Now that the points have been computed, the next step is to match the points. This is done by using the FLANN algorithm. This Algorithm is faster than the brute force approach and gives the same accuracy. It involves trees and it is a best fit when the number of matches is high, which is exactly our case.

After matching the points a further refinement is done with the ratio test. This test is used to filter out the points that are not similar enough. The test is done by comparing the distance of the closest point to the distance of the second closest point. If the ratio is less than a certain threshold, the point is considered a good match.

The result is shown in the figure below. The matches are visualized with lines connecting the points.
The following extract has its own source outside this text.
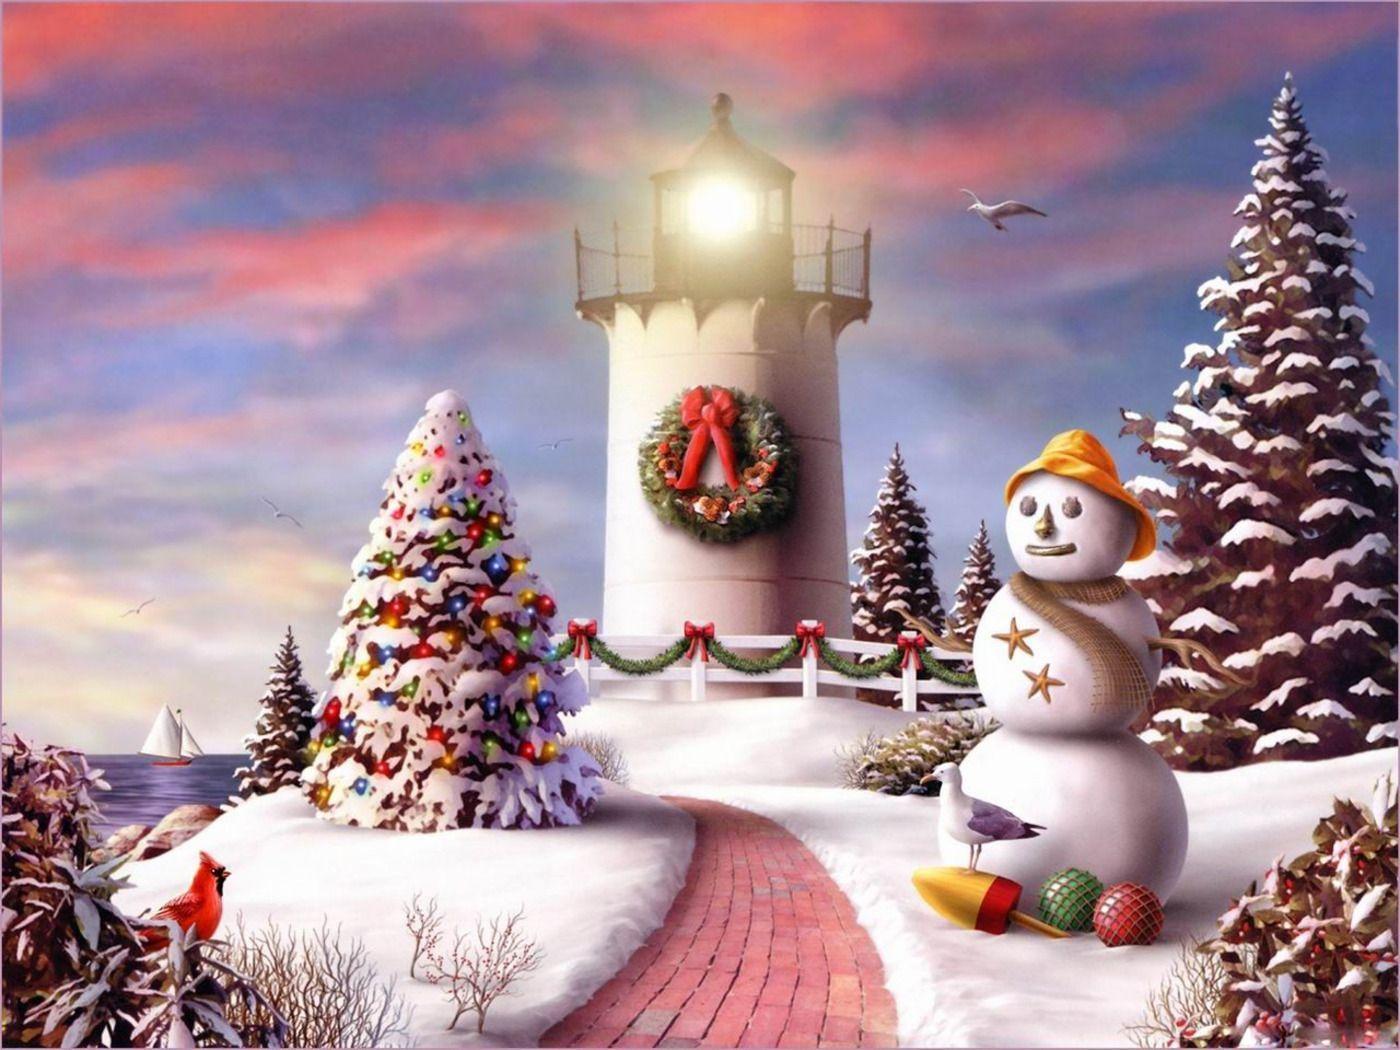 Hình nền nhà đèn biển được trang trí đầy Giáng sinh sẽ mang đến cho bạn cảm giác như đang đứng trước một ngôi nhà đầy ấm áp và hoàn toàn được trang trí đầy màu sắc và tình yêu. Hãy để hình nền này đưa bạn đến một cuộc hành trình trở thành một phần của không khí lễ hội này!

It can be seen that the matches are not perfect, this is why we are going to refine them in the next step.

 1
 2
 3
 4
 5
 6
 7
 8
 9
10
11
12
13
14
15
16
17
18
19
20
21
22
23
24
25
# Initiate SIFT detector
sift = cv.SIFT_create()
# find the keypoints and descriptors with SIFT
kp1, des1 = sift.detectAndCompute(gray1,None)
kp2, des2 = sift.detectAndCompute(gray2,None)
# FLANN parameters
FLANN_INDEX_KDTREE = 1
index_params = dict(algorithm = FLANN_INDEX_KDTREE, trees = 5)
search_params = dict(checks=50)   # or pass empty dictionary
flann = cv.FlannBasedMatcher(index_params,search_params)
matches = flann.knnMatch(des1,des2,k=2)
# Need to draw only good matches, so create a mask
matchesMask = [[0,0] for i in range(len(matches))]
good = []
# ratio test as per Lowe's paper
for i,(m,n) in enumerate(matches):
    if m.distance < 0.7*n.distance:
        matchesMask[i]=[1,0]
        good.append(m)
draw_params = dict(matchColor = (0,255,0),
                   singlePointColor = (255,0,0),
                   matchesMask = matchesMask,
                   flags = cv.DrawMatchesFlags_DEFAULT)
img3 = cv.drawMatchesKnn(img1,kp1,img2,kp2,matches,None,**draw_params)
plt.imshow(img3,),plt.show()

png

(<matplotlib.image.AxesImage at 0x1571581c0>, None)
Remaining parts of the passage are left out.